### TASK REQUIREMENTS
Restate the whole listing below word for word and keep the images out.

### SUPPLIED MATERIAL

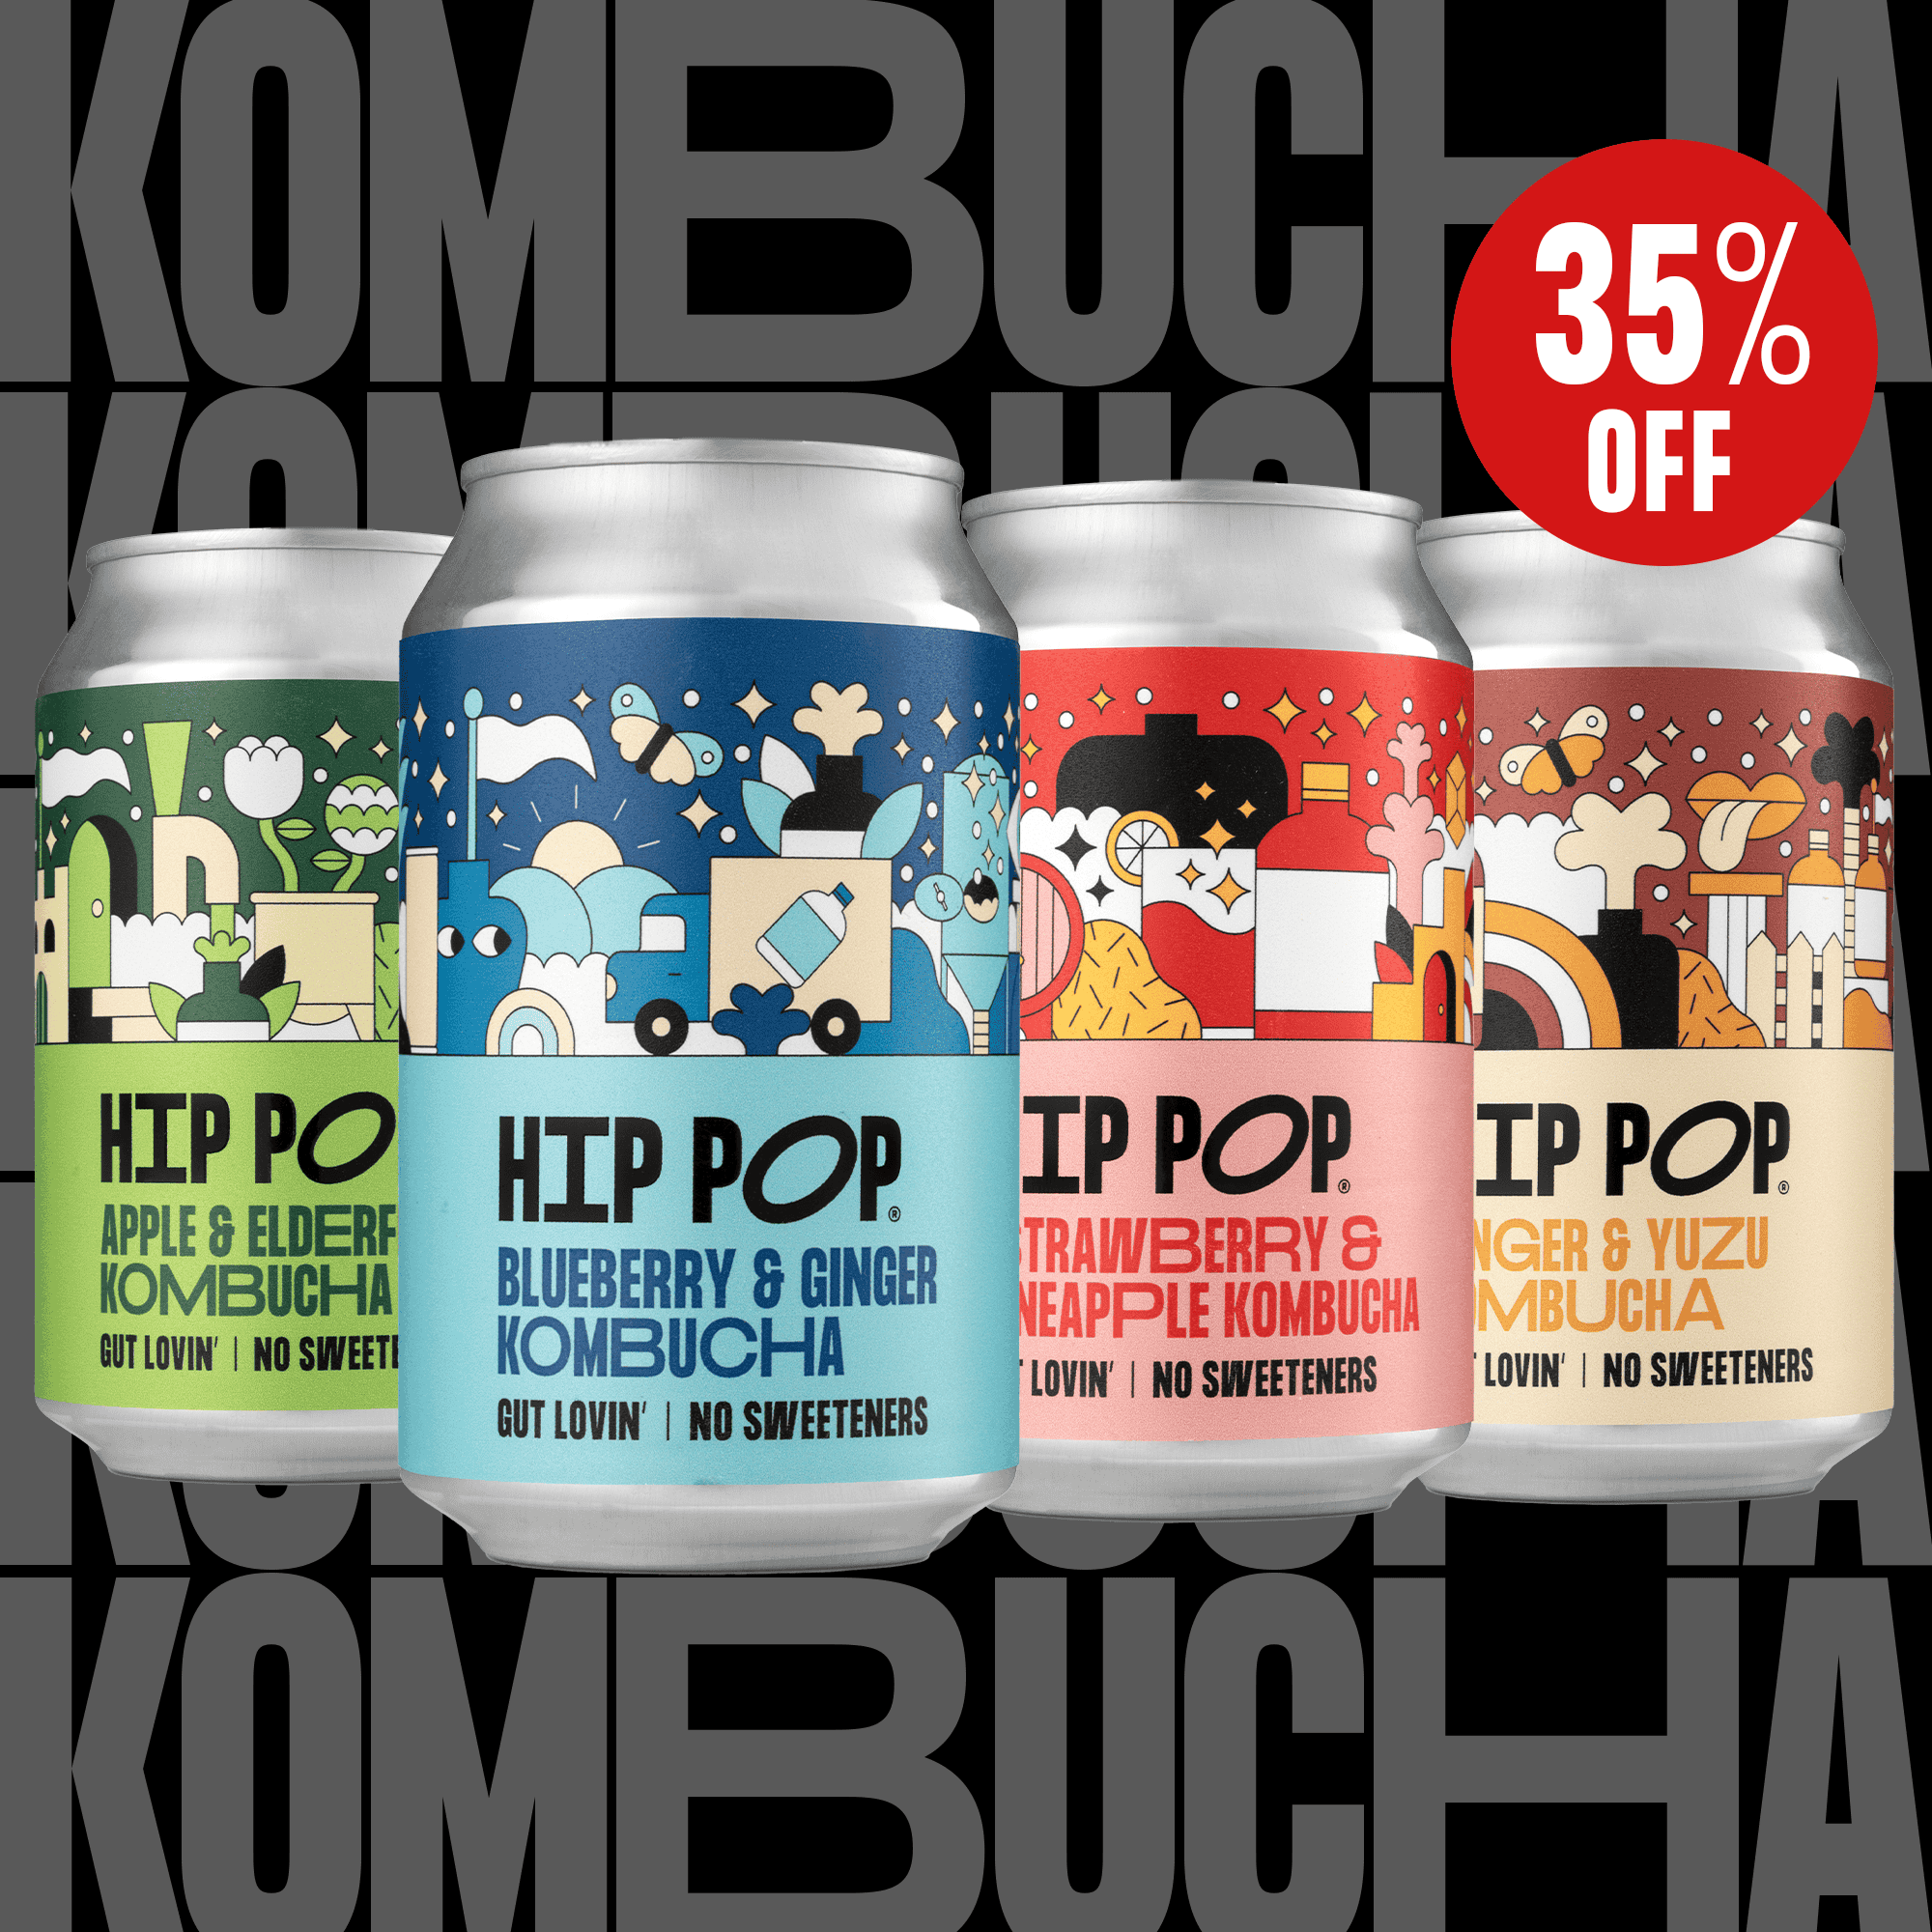 TEST OTO DO NOT ORDER 6-Can Kombucha Taster Case - 330ml Cans
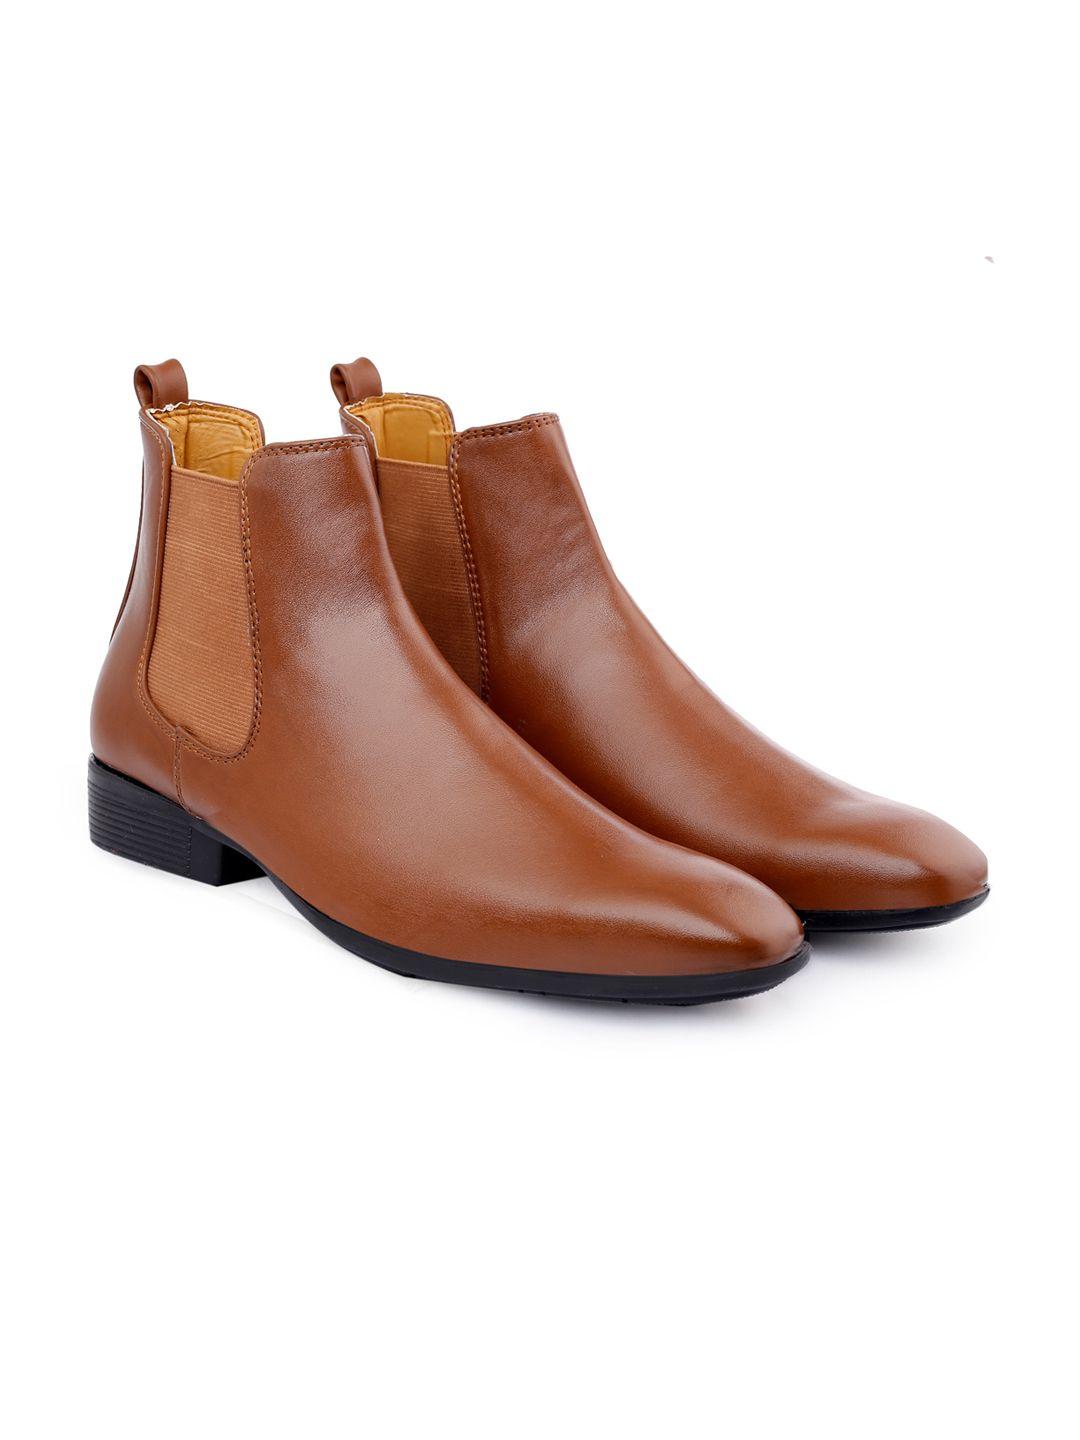 the roadster lifestyle co. men slip on chelsea boots
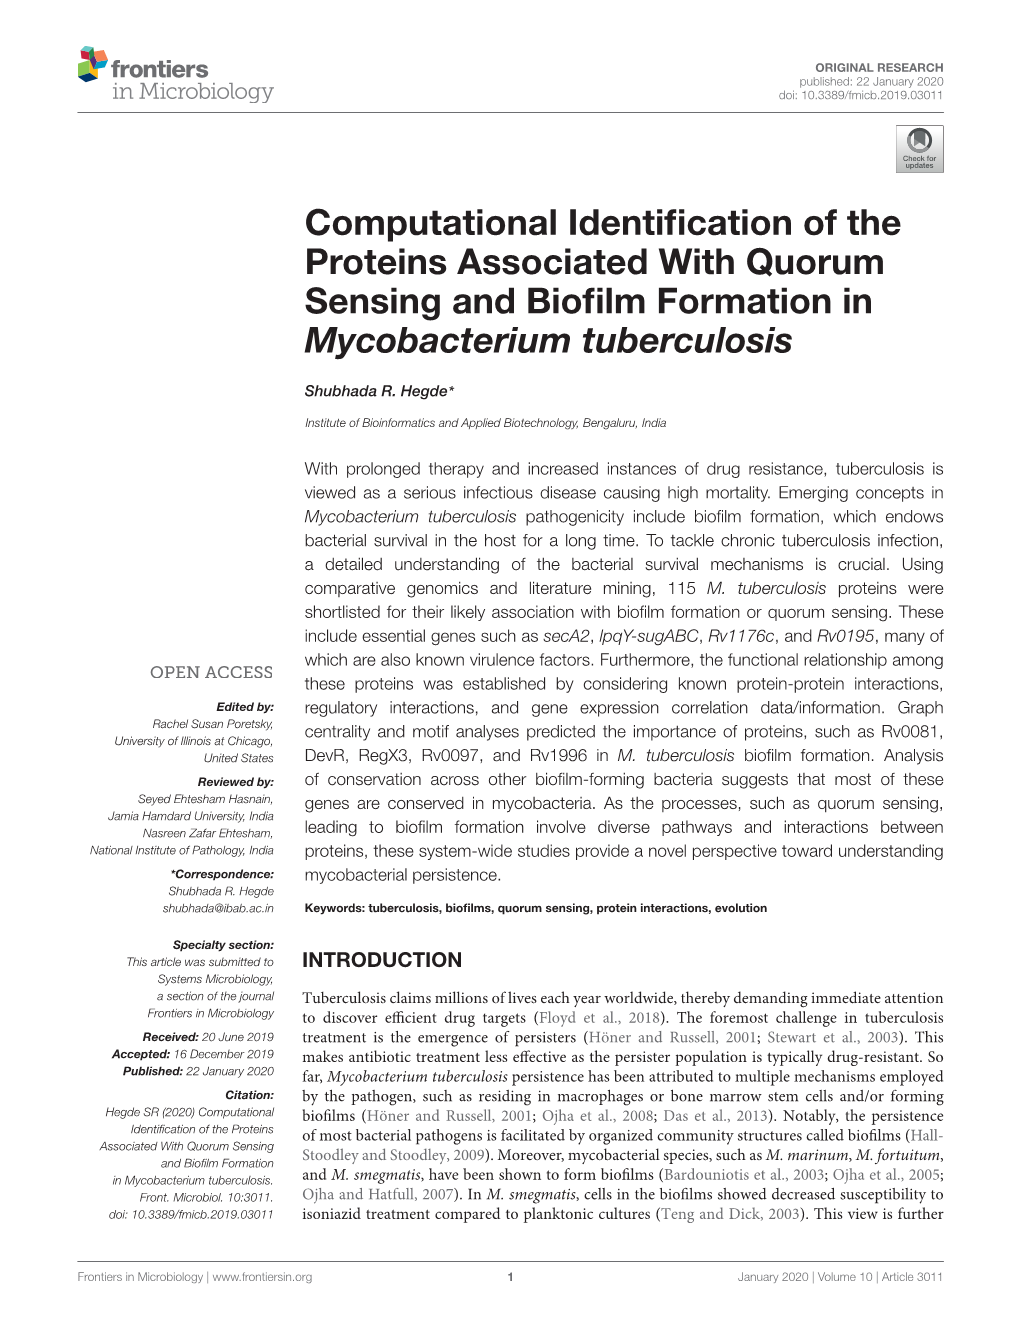 Computational Identification of the Proteins Associated with Quorum

### FINAL ANSWER
 TEST OTO DO NOT ORDER 6-Can Kombucha Taster Case - 330ml Cans
 the roadster lifestyle co. men slip on chelsea boots
 Computational Identification of the Proteins Associated with Quorum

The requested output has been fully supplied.